- Born: Martha Ann Evans 1939 (age 86–87) Aurora, Illinois
- Education: Stanford University Massachusetts Institute of Technology
- Known for: President of the Institute of Electrical and Electronics Engineers, 1993
- Awards: Frederick Emmons Terman Award (1979); IEEE Centennial Medal (1984); IEEE Richard E. Merwin Distinguished Service Award (1990); IEEE Fellow (1991); ACM Fellow (1994);
- Scientific career
- Workplaces: Lockheed Missiles and Space Company Frankfurt International School Michigan Technological University

= Martha E. Sloan =

American electrical engineer (born 1939)

Martha Ann Evans Sloan (born 1939) is an American electrical engineer. She taught engineering for many years at Michigan Technological University, and became the first female president of the IEEE. Her service to the profession has been honored by several society fellowships and awards.

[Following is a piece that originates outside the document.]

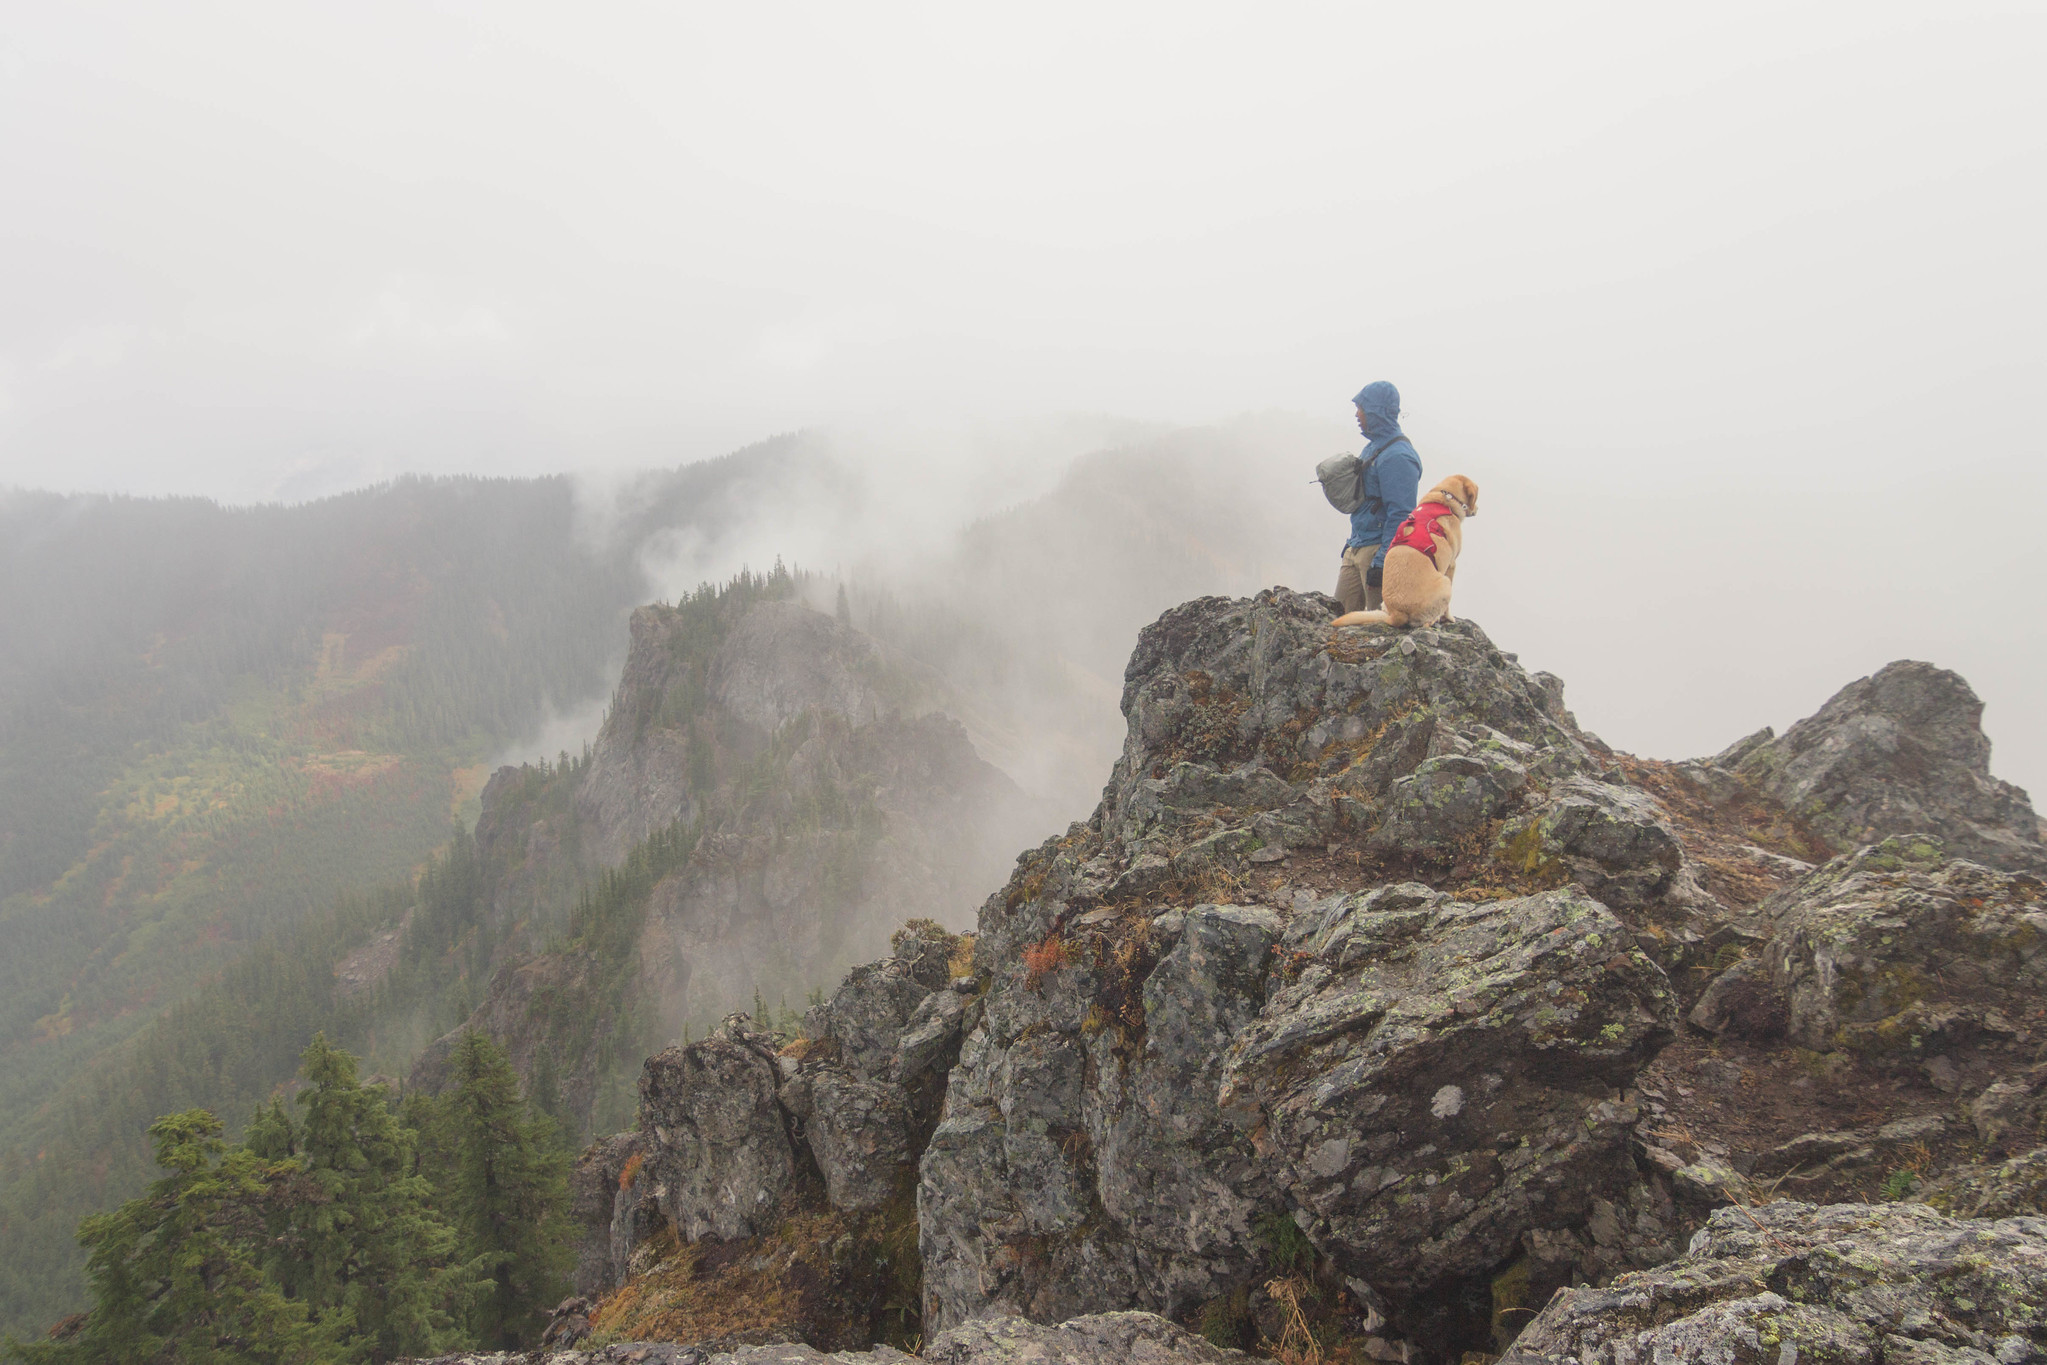 Kodak moment on French Cabin Mountain

==Education and teaching career==
Martha Ann Evans was born in Aurora, Illinois in 1939, the daughter of an obstetrician. She first learned about circuit design between her junior and senior years at high school, at a summer institute run by Northwestern University. Attracted to the San Francisco Bay Area because a friend had moved there, she went to Stanford University intending to major in physics, but instead ended up studying electrical engineering. At this time she was involved with radio, through Stanford's student station KZSU, and as a junior in 1959–1960 she was the secretary of the Stanford student chapter of the Institute of Radio Engineers, one of the predecessor organizations of the IEEE. She graduated in 1961, Phi Beta Kappa and with great distinction, as the only woman among approximately 600 engineering graduates. Later she earned a master's degree in electrical engineering from Stanford.

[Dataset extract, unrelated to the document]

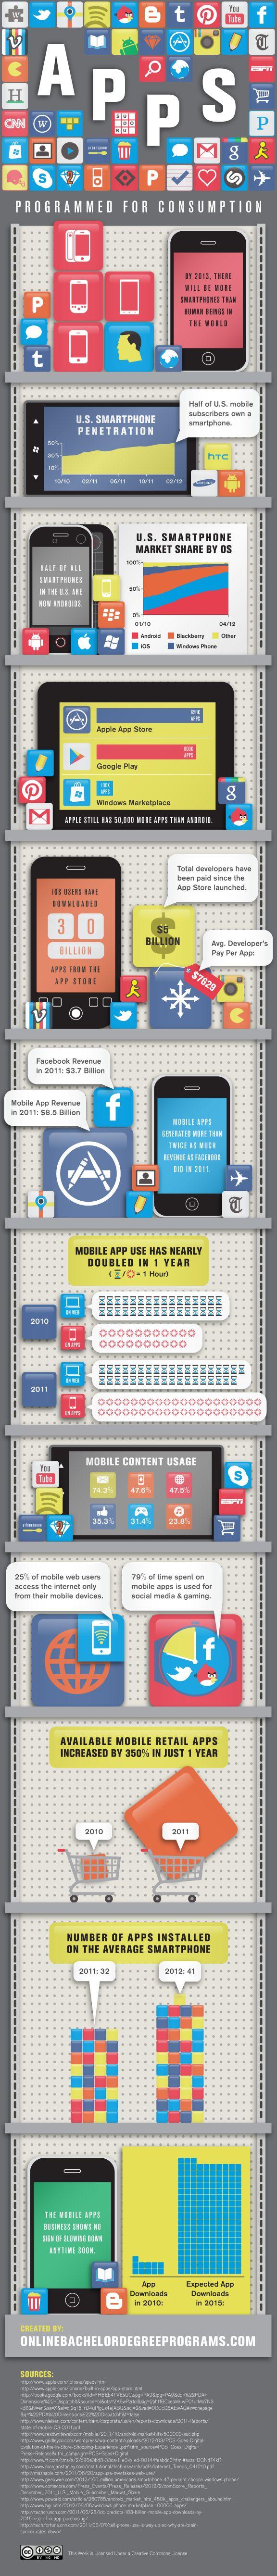 #Apps: Programmed for Consumption #mobile #appdev #infovisApp Business, Gratuita Infografia, Smartphone App, Mobiles Web, Mobiles App, 2012 Infographic, Growing Mobileapps, App Infographic, Mobiles Marketing

In the 1960s she worked at the Palo Alto Research Laboratory of the Lockheed Missiles and Space Company. She began a Ph.D. program at the Massachusetts Institute of Technology but, feeling isolated there and pregnant with her first child, she did not complete the program.
Instead, she followed her husband to Germany, where she taught for two years at the Frankfurt International School.
In 1969, she took a teaching position in electrical engineering at Michigan Technological University, becoming the first female faculty member in the department. Needing a doctorate for her new job, she returned to Stanford and completed a Ph.D. in education in 1973, with a thesis concerning the COSINE Committee, an NSF-funded project to include computer engineering as part of the electrical engineering curriculum. She retired from Michigan Tech in 2013, becoming a professor emerita, after 43 years of service there.

==Professional societies==
In the late 1970s, Merlin Smith, the president of the IEEE Computer Society, appointed Sloan to the Board of Governors of the Computer Society, the first woman on the board, and soon afterwards appointed her as treasurer of the society, not long before those positions changed from being appointed to being elected. After continuing in several other elected roles in the society, but (in her view) being passed over as a presidential candidate, she ran as a write-in candidate for president of the society, and won the election for the 1984–1985 term. In 1993, again running as a write-in candidate, she was elected as the first female president of the whole IEEE. She was also the only person to become president of the IEEE after leading the Computer Society. In 1998 she chaired the American Association of Engineering Societies.

==Awards and honors==
Sloan became a fellow of the IEEE in 1991 "for contributions to engineering education, leadership in the development of computer engineering education as a discipline, and leadership in extending engineering education to women." Sloan's other honors include
the Frederick Emmons Terman Award of the American Society for Engineering Education in 1979,
the IEEE Centennial Medal in 1984,
the IEEE Richard E. Merwin Distinguished Service Award in 1990,
an honorary doctorate from Concordia University in 1993,
election as a fellow of the Association for Computing Machinery in 1994,
the Distinguished Engineering Educator Award of the Society of Women Engineers in 1994,
the Michigan Tech Distinguished Service Award in 2012,
and being named an honorary alumna of Michigan Tech in 2014.